While running YOLOv4 with CSP Darknet19 during validation I have constant network failure due to an aggressive amount of RAM being used during the validation phase. During the training epoch the experiment rests at about 14-15 gigabytes of RAM. However, during the validation phase, the RAM usage sporadically increases, at some points eventually maxing out all 64 gigs of my onboard RAM. Sometimes this happens on the first epoch, sometimes on the 7th. In other cases the RAM increases to a bearable amount during validation but then retains that RAM for the rest of the experiment. If this happens several times in a row, it also maxes out the machine. This is only an issue with my onboard RAM and not VRAM on my graphics card. I have only noticed this on YOLOv4 with cspdarknet 19, however this is also the only experiment I have ran since pulling the most recent TLT 3.0 container. below is my experiment config:
There are other applications that are taking up the initial 7.7 gigs.

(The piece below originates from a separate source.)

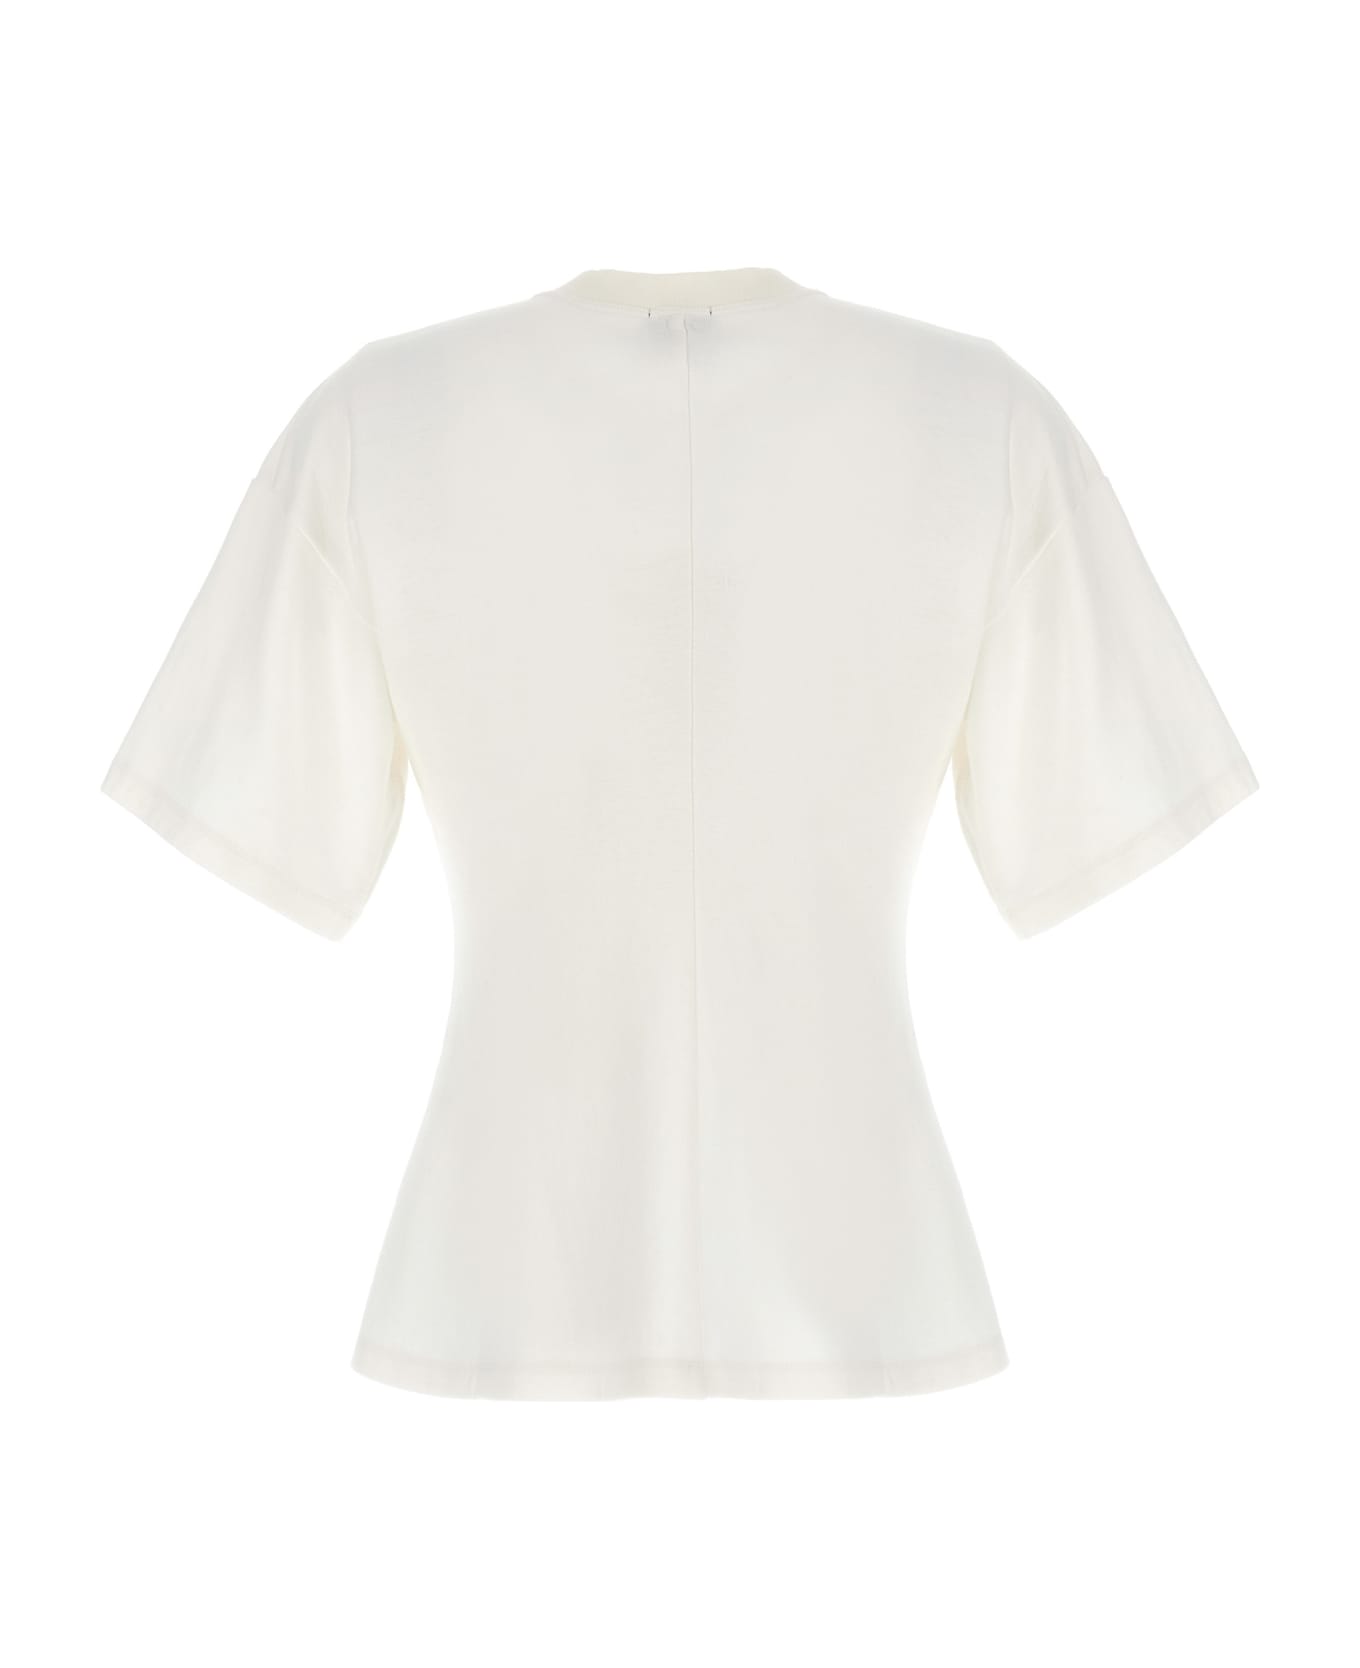 Proenza Schouler 'waisted' T-shirt - White Tシャツ

However, these applications did not change their usage during the course of the experiment. The dGPU is an RTX 3090
The architecture ran fine with smaller datasets. I am more curious to know if I will always see a large spike in RAM usage after the first validation period and if it is something that I should plan for or if it is unique to that experiment. I am currently running a YOLO v4 with a ResNet 18 backbone on the same dataset that caused the issue with the YOLO v4 CSPDarknet 19 and I have yet to exceed 35 gigs of RAM usage, though this one also had a significant spike from 20 gigs to ~30-34 gigs after the first validation period and has not gone down after the validation.